# Does Asus make good motherboards?



## yoongkc

Hey guys,

  Another query I have is on Asus motherboard. Do they really make good motherboard? Quite a few reviews and comments have mentioned on their incompatible problems like RAM, and also they provide bad servicing at their service centres.

  Any similar experience? Or Asus is really good?

  Thanks!


----------



## StrangleHold

Used alot of Asus boards. But they are alittle picky with memory. Gigabyte and Asus are both good quality boards.


----------



## funkysnair

ive had no problems with asus!!!

i would use them again


----------



## yoongkc

Picky with memory? Any brands that is commonly not compatible with Asus motherboard?


----------



## StrangleHold

On Asus boards I,ve had more problems with OCZ then any brand. But OCZ is excellent memory. Been using alot of G Skill memory in most of my builds and havent had any compatiblity problems with any brand. But the only boards I use in builds are Gigabyte-Asus and DFI.


----------



## colt1911

I 've used Asus boards on all my builds for the last 8 years and have always had good luck with them . If you choose a Asus board be sure to review the QVL for memory on that particular board. I have found that Corsair is usually the best with a Asus mobo and causes the least problems. However there are many other good choices of Ram to choose from.


----------



## yoongkc

Thanks for the advices and feedback so far. Anyway my concerns are that I am getting a motherboard but considering between 2, Asus Rampage and Asus Striker II Extreme. But I don't know which should I choose.

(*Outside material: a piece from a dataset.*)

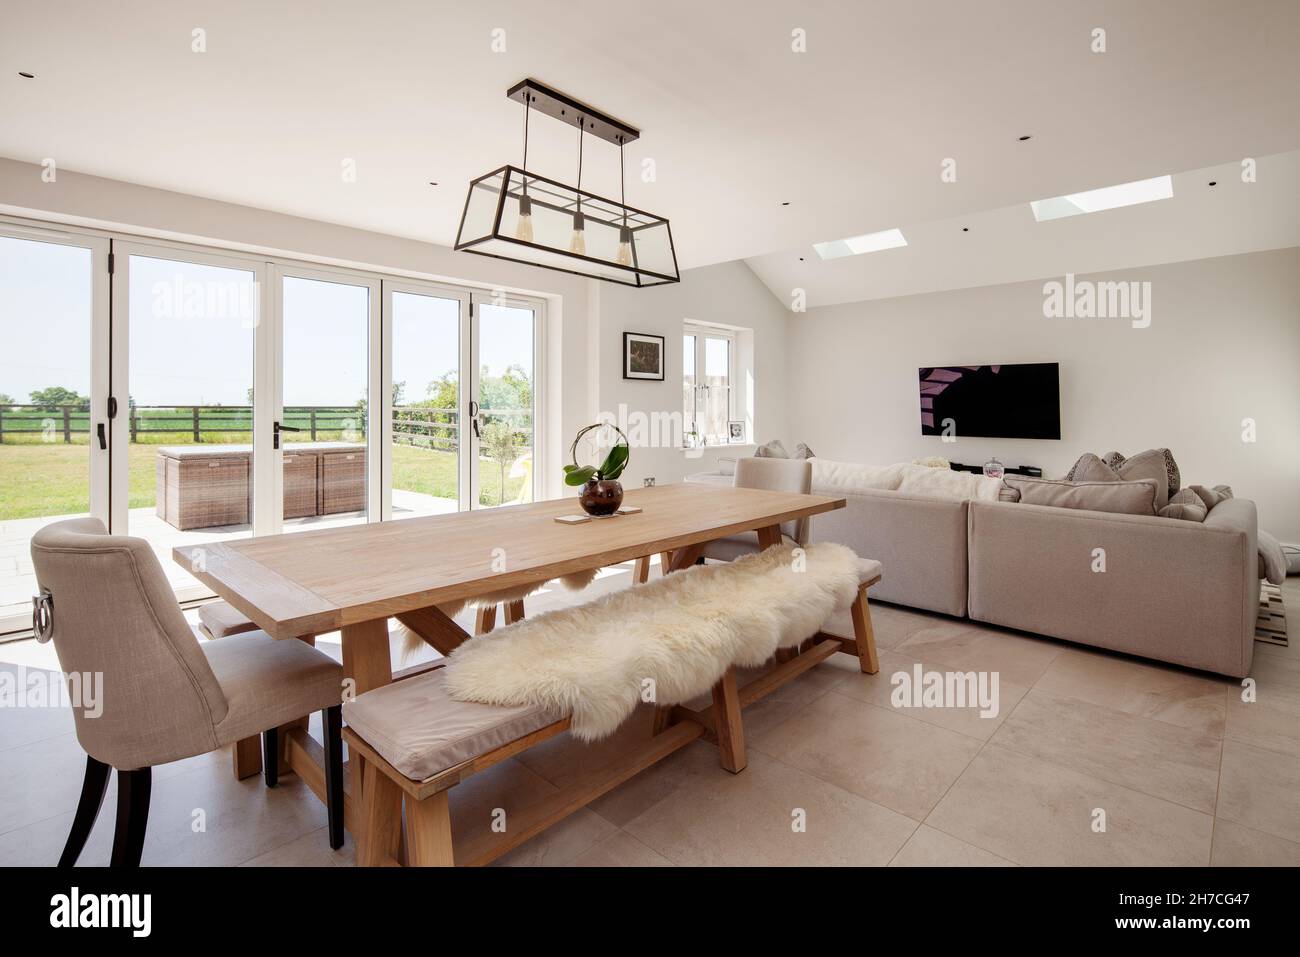 Lawshall, Suffolk, England - May 29 2020: Aspirational dining family room  with large dining table and seating area in front of tv with bifold doors  Stock Photo - Alamy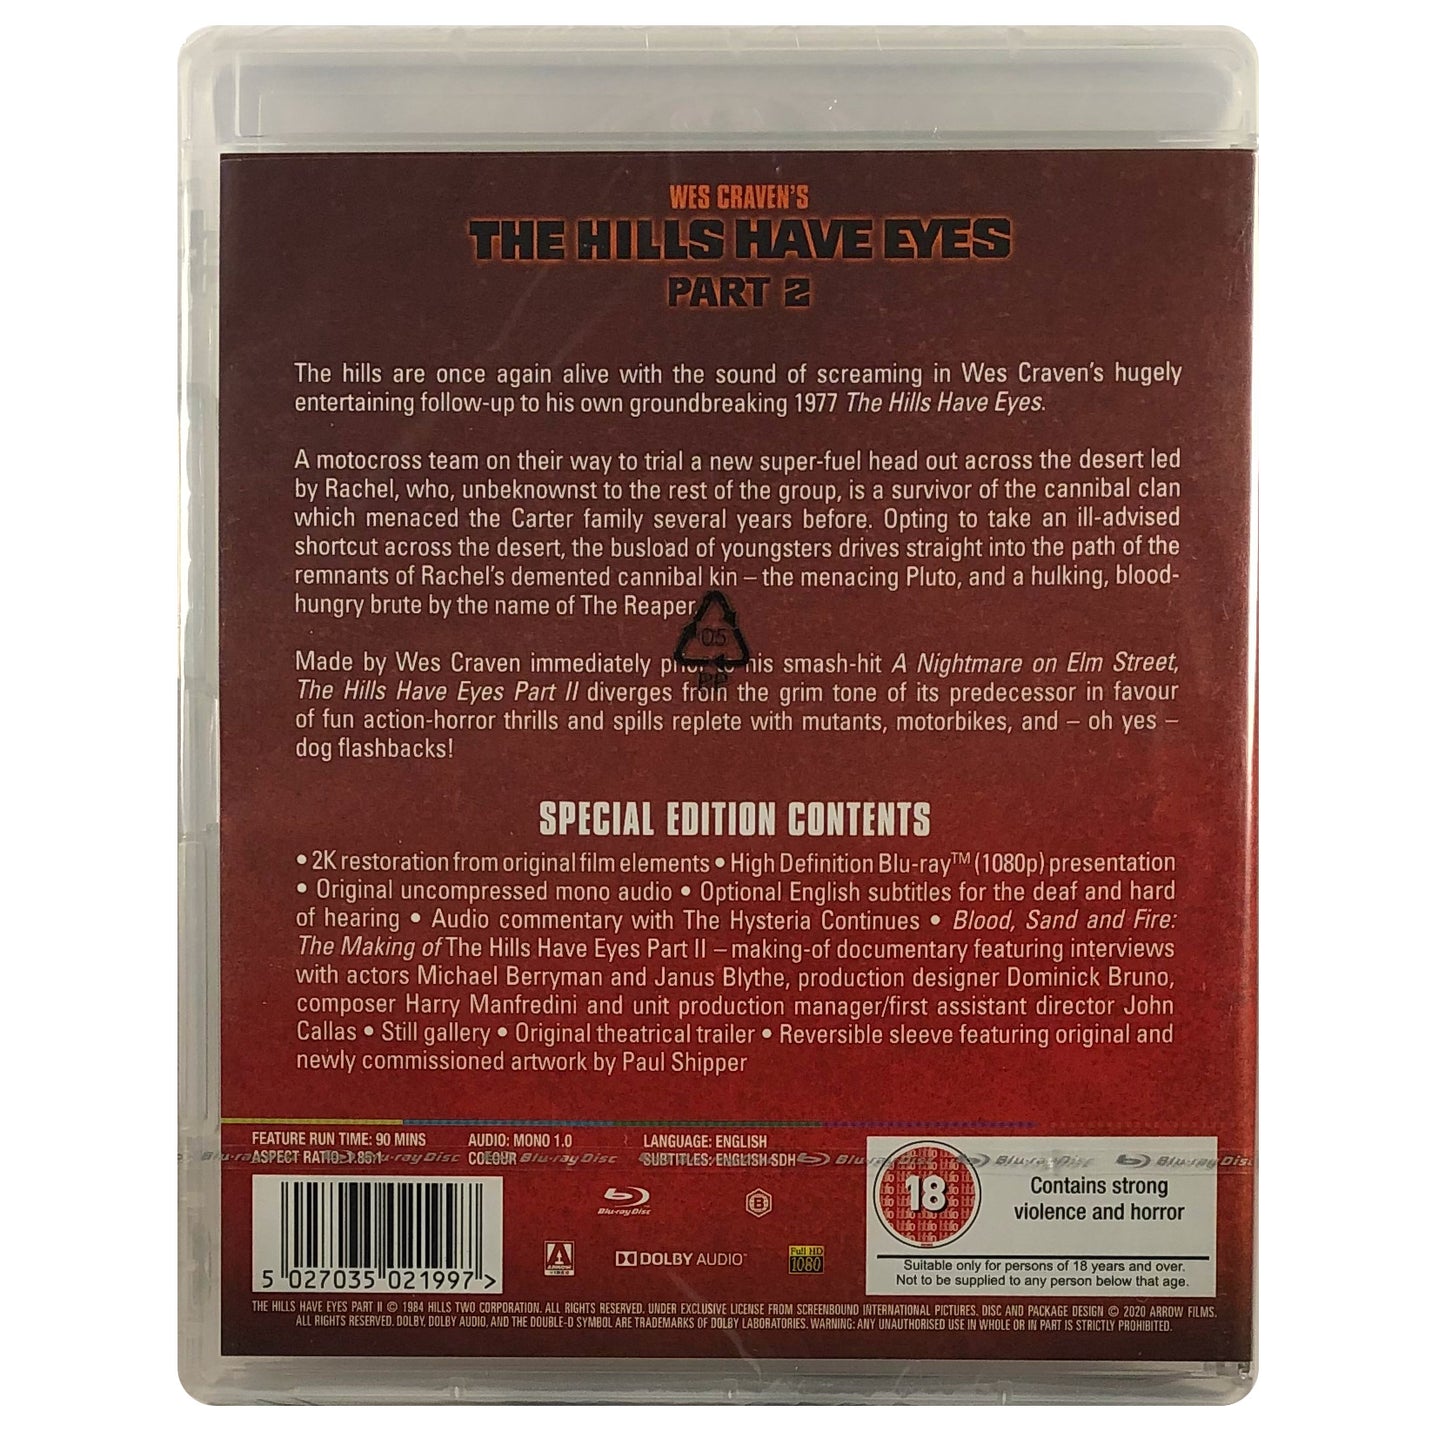 The Hills Have Eyes Part 2 Blu-Ray

  The cheaper choice will be Rampage given that it uses DDR2 RAM and it's cost is already lower than Striker II Extreme.

  However, many reviews have also shown that Striker II Extreme gives much better performance, but it's price is really very very high.

  Another main difference between the 2 is probably Rampage supports CrossFire but Striker supports SLi. 

  Given this difference, will I have a problem using XFX GeForce 9800 GX2 on Rampage if I only intend to have 1 graphic card?


----------



## colt1911

You can run that card on the Rampage as a single card  just not in SLI or Crossfire. I know a lot of people who run one good card on a Crossfire or Sli board with no problems.


----------



## Ramodkk

ASUS does make really good motherboards but as mentioned, GIGABYTE makes awesome boards too.




StrangleHold said:


> Used alot of Asus boards. But they are alittle picky with memory. *Gigabyte and Asus are both good quality boards*.



*waiting for SirKenin to tell you otherwise*


----------



## yoongkc

Even if the computer is able to run without critical problems, will it have better performance if I were to run a ATI graphic card on Rampage or run a GeForce graphic card on Striker II?

  Coz it does seems like nVidia graphic should work and perform better with nVidia chipset and that it supports the SLi technology, isn't it?


----------



## WhiteFireDragon

i consider asus produces the best mobos. but sometimes their prices are a little high for the performance, but what you're paying for is quality and reputation


----------



## tlarkin

*Does Asus make good motherboards?*



Yes


----------



## Ramodkk

yoongkc said:


> Coz it does seems like nVidia graphic should work and perform better with nVidia chipset and that it supports the SLi technology, isn't it?



No. Don't worry about the chipset. A video card functions the same on any chipset.


----------